I hit a deer last week, just hard enough to bust out my passenger's side headlight (on my '06 Frontier). I received the replacement assembly, and this weekend tried, unsuccessfully, to figure out how to get the old one out. 

Anyone have, or know where to find, removal/replacement instructions? I can't figure how to get it out without removing the front grill, but I can't see how to remove that without breaking it. And I cannot tell, aside from the top bolts, how the things is attached and how/what tool to use to remove the clips on the sides.

Thanks,
Chad


----------



## Centurion (Sep 5, 2002)

You have tor remove the bumper,if Irecall correctly.

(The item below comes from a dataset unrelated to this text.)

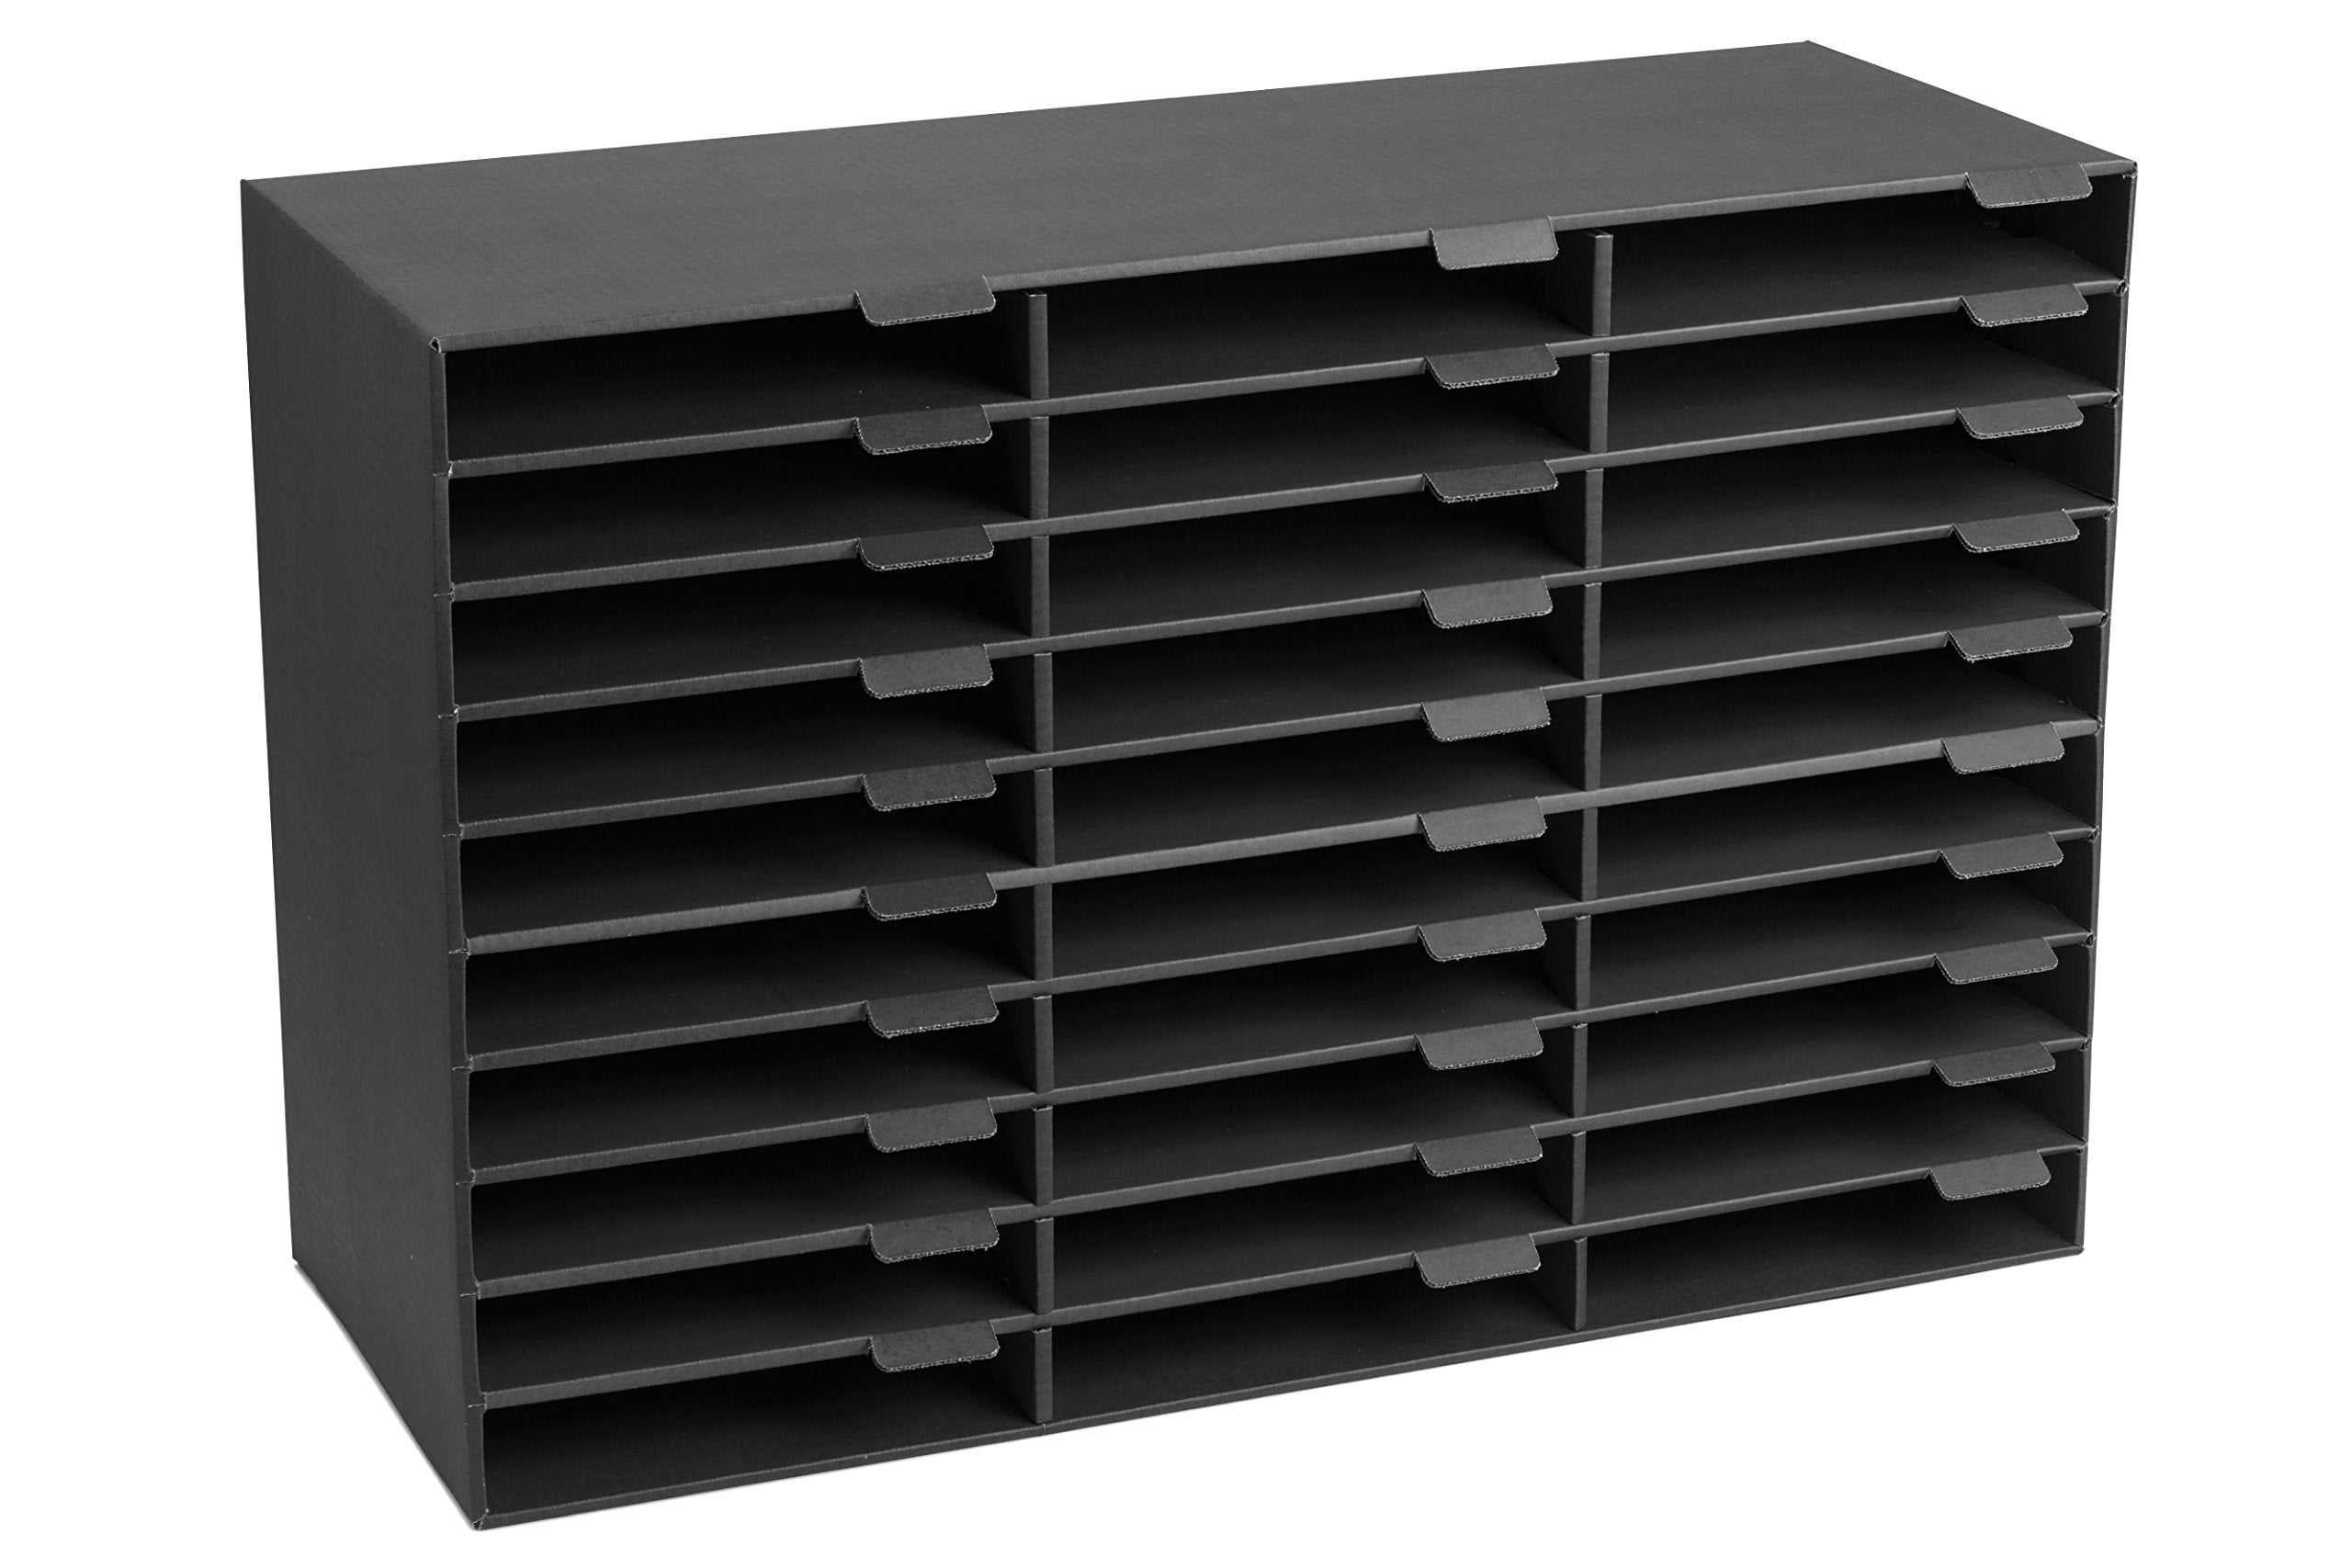 AdirOffice Cardboard Paper Organizer - Classroom Mailbox , Literature Organizers , Office Sorter Mailboxes , Construction papers Storage with Slots , Compartment Shelf Holder (30 Slot, Black)  - Acceptable

OK, just check my manual, yes ithas tobe removed.


----------



## stacey63 (Dec 18, 2005)

My Frontier book says to remove the radiator grille/ fascia. Then remove the parking light housing ,and you'll be able to remove the retaining nuts and bolts to detach the headlight housing from your vehicle. There is a screw that holds the side maker/ turn signal housing exposed when you open the hood.


----------



## NPath (Dec 12, 2004)

stacey63 said:


> My Frontier book says to remove the radiator grille/ fascia. Then remove the parking light housing ,and you'll be able to remove the retaining nuts and bolts to detach the headlight housing from your vehicle. There is a screw that holds the side maker/ turn signal housing exposed when you open the hood.


The 06 and 99 have a totally new body design. If the 06 Frontier is anything like the the bumper design of the 05+ Pathfinders, then the bumper will have to be removed. Did the Frontier change their front bumper design in 06? I thought the 05's has the same design as the 05+ Pathfinders?


----------



## stacey63 (Dec 18, 2005)

Forgot something. To remove the radiator grille/ fascia you must first remove the side maker/ turn signal housing . My book then says using a srewdriver ,rotate the grille retaining clips 45 degrees in either direction. There are typically four retaing clips.


----------



## metaphysx (Mar 9, 2006)

*Thanks*

Thanks for the tips. However, not having a garage to work in, it was just a bit too cold outside to screw with it. I ended up taking it to a dealership to have the headlight replaced. 

2 hours later and $100 poorer, at least I have a working headlight.


----------



## nissanmadness (Sep 18, 2006)

Sounds like you got a deal. The cheapest I seen a headlamp assy for an 06 was about 150.00 on ebay.


----------